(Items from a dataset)
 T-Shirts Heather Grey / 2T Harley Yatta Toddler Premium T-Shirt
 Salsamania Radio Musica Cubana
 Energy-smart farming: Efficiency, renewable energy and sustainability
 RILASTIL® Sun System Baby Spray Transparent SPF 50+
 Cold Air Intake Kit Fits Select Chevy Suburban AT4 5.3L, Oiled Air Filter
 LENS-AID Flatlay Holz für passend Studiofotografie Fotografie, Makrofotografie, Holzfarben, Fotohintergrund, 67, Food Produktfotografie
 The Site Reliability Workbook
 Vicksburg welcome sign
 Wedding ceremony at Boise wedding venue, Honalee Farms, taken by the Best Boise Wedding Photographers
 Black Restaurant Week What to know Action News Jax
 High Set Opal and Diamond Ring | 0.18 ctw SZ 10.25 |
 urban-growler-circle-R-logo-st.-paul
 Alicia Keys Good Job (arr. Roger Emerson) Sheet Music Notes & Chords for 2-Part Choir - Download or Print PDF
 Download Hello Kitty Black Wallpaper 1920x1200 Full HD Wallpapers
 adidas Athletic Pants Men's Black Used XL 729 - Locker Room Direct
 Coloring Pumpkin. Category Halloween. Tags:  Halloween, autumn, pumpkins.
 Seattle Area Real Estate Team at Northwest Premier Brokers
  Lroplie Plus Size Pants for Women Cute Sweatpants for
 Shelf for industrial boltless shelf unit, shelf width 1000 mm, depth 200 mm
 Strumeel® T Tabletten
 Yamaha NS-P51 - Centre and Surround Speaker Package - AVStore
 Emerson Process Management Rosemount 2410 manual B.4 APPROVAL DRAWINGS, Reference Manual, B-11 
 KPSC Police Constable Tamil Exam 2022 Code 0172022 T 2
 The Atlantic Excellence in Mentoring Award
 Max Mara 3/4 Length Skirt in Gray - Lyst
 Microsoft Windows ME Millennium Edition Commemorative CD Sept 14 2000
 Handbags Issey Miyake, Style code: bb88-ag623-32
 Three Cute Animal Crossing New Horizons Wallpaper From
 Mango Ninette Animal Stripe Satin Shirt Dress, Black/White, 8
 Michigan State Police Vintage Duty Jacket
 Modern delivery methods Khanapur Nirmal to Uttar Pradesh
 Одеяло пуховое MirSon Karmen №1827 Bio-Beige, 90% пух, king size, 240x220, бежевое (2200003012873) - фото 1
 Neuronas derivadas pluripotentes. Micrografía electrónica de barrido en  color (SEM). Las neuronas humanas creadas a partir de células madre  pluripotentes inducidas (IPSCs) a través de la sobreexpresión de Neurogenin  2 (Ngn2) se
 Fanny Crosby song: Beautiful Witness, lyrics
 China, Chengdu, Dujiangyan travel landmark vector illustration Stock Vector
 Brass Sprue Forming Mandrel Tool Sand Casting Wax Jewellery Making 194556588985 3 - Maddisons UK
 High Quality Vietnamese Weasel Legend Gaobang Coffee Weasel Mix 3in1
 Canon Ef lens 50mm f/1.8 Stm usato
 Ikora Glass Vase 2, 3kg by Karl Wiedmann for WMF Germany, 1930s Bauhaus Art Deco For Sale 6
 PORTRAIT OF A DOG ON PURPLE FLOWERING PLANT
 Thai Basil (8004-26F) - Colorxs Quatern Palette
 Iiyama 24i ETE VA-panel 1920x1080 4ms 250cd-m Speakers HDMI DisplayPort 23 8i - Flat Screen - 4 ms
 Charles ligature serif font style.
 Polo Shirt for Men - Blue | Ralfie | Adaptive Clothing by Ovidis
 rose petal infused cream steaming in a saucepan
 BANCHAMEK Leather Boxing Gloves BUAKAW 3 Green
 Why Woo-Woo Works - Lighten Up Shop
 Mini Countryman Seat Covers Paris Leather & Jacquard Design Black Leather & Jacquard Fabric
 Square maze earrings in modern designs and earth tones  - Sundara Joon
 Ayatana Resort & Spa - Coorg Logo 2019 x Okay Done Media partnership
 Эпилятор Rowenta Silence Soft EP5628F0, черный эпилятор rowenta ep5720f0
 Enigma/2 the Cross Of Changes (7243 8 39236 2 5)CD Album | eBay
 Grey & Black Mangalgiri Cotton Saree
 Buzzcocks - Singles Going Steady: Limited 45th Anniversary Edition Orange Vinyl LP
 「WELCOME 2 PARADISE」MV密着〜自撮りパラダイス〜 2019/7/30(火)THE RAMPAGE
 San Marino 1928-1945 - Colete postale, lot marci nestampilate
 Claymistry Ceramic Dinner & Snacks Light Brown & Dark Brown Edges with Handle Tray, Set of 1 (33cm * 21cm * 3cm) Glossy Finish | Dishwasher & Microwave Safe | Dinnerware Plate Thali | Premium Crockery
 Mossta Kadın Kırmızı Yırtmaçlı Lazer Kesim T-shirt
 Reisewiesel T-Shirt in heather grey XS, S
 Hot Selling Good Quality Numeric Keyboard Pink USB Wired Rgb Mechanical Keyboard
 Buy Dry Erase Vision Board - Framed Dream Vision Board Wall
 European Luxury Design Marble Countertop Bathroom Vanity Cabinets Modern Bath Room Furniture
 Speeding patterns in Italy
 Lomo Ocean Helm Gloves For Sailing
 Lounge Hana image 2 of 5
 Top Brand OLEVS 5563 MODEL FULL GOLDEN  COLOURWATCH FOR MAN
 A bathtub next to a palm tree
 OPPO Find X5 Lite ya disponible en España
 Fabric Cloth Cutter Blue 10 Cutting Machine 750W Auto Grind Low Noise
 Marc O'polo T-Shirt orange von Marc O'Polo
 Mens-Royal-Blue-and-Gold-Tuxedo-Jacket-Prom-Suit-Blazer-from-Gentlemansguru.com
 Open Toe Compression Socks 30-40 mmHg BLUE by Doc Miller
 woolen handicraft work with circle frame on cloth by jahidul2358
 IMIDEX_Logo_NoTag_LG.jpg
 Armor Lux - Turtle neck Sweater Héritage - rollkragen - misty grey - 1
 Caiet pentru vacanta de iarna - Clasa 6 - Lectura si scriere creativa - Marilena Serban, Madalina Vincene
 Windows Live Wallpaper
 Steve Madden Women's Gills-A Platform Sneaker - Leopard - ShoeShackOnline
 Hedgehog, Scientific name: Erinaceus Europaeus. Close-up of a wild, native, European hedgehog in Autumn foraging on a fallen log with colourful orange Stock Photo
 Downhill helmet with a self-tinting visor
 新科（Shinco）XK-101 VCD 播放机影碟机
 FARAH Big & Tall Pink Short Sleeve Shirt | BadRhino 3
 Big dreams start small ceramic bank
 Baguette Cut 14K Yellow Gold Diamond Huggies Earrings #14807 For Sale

What the task requires
Transcribe all of the records exactly.

Solved problem
 T-Shirts Heather Grey / 2T Harley Yatta Toddler Premium T-Shirt
 Salsamania Radio Musica Cubana
 Energy-smart farming: Efficiency, renewable energy and sustainability
 RILASTIL® Sun System Baby Spray Transparent SPF 50+
 Cold Air Intake Kit Fits Select Chevy Suburban AT4 5.3L, Oiled Air Filter
 LENS-AID Flatlay Holz für passend Studiofotografie Fotografie, Makrofotografie, Holzfarben, Fotohintergrund, 67, Food Produktfotografie
 The Site Reliability Workbook
 Vicksburg welcome sign
 Wedding ceremony at Boise wedding venue, Honalee Farms, taken by the Best Boise Wedding Photographers
 Black Restaurant Week What to know Action News Jax
 High Set Opal and Diamond Ring | 0.18 ctw SZ 10.25 |
 urban-growler-circle-R-logo-st.-paul
 Alicia Keys Good Job (arr. Roger Emerson) Sheet Music Notes & Chords for 2-Part Choir - Download or Print PDF
 Download Hello Kitty Black Wallpaper 1920x1200 Full HD Wallpapers
 adidas Athletic Pants Men's Black Used XL 729 - Locker Room Direct
 Coloring Pumpkin. Category Halloween. Tags:  Halloween, autumn, pumpkins.
 Seattle Area Real Estate Team at Northwest Premier Brokers
  Lroplie Plus Size Pants for Women Cute Sweatpants for
 Shelf for industrial boltless shelf unit, shelf width 1000 mm, depth 200 mm
 Strumeel® T Tabletten
 Yamaha NS-P51 - Centre and Surround Speaker Package - AVStore
 Emerson Process Management Rosemount 2410 manual B.4 APPROVAL DRAWINGS, Reference Manual, B-11 
 KPSC Police Constable Tamil Exam 2022 Code 0172022 T 2
 The Atlantic Excellence in Mentoring Award
 Max Mara 3/4 Length Skirt in Gray - Lyst
 Microsoft Windows ME Millennium Edition Commemorative CD Sept 14 2000
 Handbags Issey Miyake, Style code: bb88-ag623-32
 Three Cute Animal Crossing New Horizons Wallpaper From
 Mango Ninette Animal Stripe Satin Shirt Dress, Black/White, 8
 Michigan State Police Vintage Duty Jacket
 Modern delivery methods Khanapur Nirmal to Uttar Pradesh
 Одеяло пуховое MirSon Karmen №1827 Bio-Beige, 90% пух, king size, 240x220, бежевое (2200003012873) - фото 1
 Neuronas derivadas pluripotentes. Micrografía electrónica de barrido en  color (SEM). Las neuronas humanas creadas a partir de células madre  pluripotentes inducidas (IPSCs) a través de la sobreexpresión de Neurogenin  2 (Ngn2) se
 Fanny Crosby song: Beautiful Witness, lyrics
 China, Chengdu, Dujiangyan travel landmark vector illustration Stock Vector
 Brass Sprue Forming Mandrel Tool Sand Casting Wax Jewellery Making 194556588985 3 - Maddisons UK
 High Quality Vietnamese Weasel Legend Gaobang Coffee Weasel Mix 3in1
 Canon Ef lens 50mm f/1.8 Stm usato
 Ikora Glass Vase 2, 3kg by Karl Wiedmann for WMF Germany, 1930s Bauhaus Art Deco For Sale 6
 PORTRAIT OF A DOG ON PURPLE FLOWERING PLANT
 Thai Basil (8004-26F) - Colorxs Quatern Palette
 Iiyama 24i ETE VA-panel 1920x1080 4ms 250cd-m Speakers HDMI DisplayPort 23 8i - Flat Screen - 4 ms
 Charles ligature serif font style.
 Polo Shirt for Men - Blue | Ralfie | Adaptive Clothing by Ovidis
 rose petal infused cream steaming in a saucepan
 BANCHAMEK Leather Boxing Gloves BUAKAW 3 Green
 Why Woo-Woo Works - Lighten Up Shop
 Mini Countryman Seat Covers Paris Leather & Jacquard Design Black Leather & Jacquard Fabric
 Square maze earrings in modern designs and earth tones  - Sundara Joon
 Ayatana Resort & Spa - Coorg Logo 2019 x Okay Done Media partnership
 Эпилятор Rowenta Silence Soft EP5628F0, черный эпилятор rowenta ep5720f0
 Enigma/2 the Cross Of Changes (7243 8 39236 2 5)CD Album | eBay
 Grey & Black Mangalgiri Cotton Saree
 Buzzcocks - Singles Going Steady: Limited 45th Anniversary Edition Orange Vinyl LP
 「WELCOME 2 PARADISE」MV密着〜自撮りパラダイス〜 2019/7/30(火)THE RAMPAGE
 San Marino 1928-1945 - Colete postale, lot marci nestampilate
 Claymistry Ceramic Dinner & Snacks Light Brown & Dark Brown Edges with Handle Tray, Set of 1 (33cm * 21cm * 3cm) Glossy Finish | Dishwasher & Microwave Safe | Dinnerware Plate Thali | Premium Crockery
 Mossta Kadın Kırmızı Yırtmaçlı Lazer Kesim T-shirt
 Reisewiesel T-Shirt in heather grey XS, S
 Hot Selling Good Quality Numeric Keyboard Pink USB Wired Rgb Mechanical Keyboard
 Buy Dry Erase Vision Board - Framed Dream Vision Board Wall
 European Luxury Design Marble Countertop Bathroom Vanity Cabinets Modern Bath Room Furniture
 Speeding patterns in Italy
 Lomo Ocean Helm Gloves For Sailing
 Lounge Hana image 2 of 5
 Top Brand OLEVS 5563 MODEL FULL GOLDEN  COLOURWATCH FOR MAN
 A bathtub next to a palm tree
 OPPO Find X5 Lite ya disponible en España
 Fabric Cloth Cutter Blue 10 Cutting Machine 750W Auto Grind Low Noise
 Marc O'polo T-Shirt orange von Marc O'Polo
 Mens-Royal-Blue-and-Gold-Tuxedo-Jacket-Prom-Suit-Blazer-from-Gentlemansguru.com
 Open Toe Compression Socks 30-40 mmHg BLUE by Doc Miller
 woolen handicraft work with circle frame on cloth by jahidul2358
 IMIDEX_Logo_NoTag_LG.jpg
 Armor Lux - Turtle neck Sweater Héritage - rollkragen - misty grey - 1
 Caiet pentru vacanta de iarna - Clasa 6 - Lectura si scriere creativa - Marilena Serban, Madalina Vincene
 Windows Live Wallpaper
 Steve Madden Women's Gills-A Platform Sneaker - Leopard - ShoeShackOnline
 Hedgehog, Scientific name: Erinaceus Europaeus. Close-up of a wild, native, European hedgehog in Autumn foraging on a fallen log with colourful orange Stock Photo
 Downhill helmet with a self-tinting visor
 新科（Shinco）XK-101 VCD 播放机影碟机
 FARAH Big & Tall Pink Short Sleeve Shirt | BadRhino 3
 Big dreams start small ceramic bank
 Baguette Cut 14K Yellow Gold Diamond Huggies Earrings #14807 For Sale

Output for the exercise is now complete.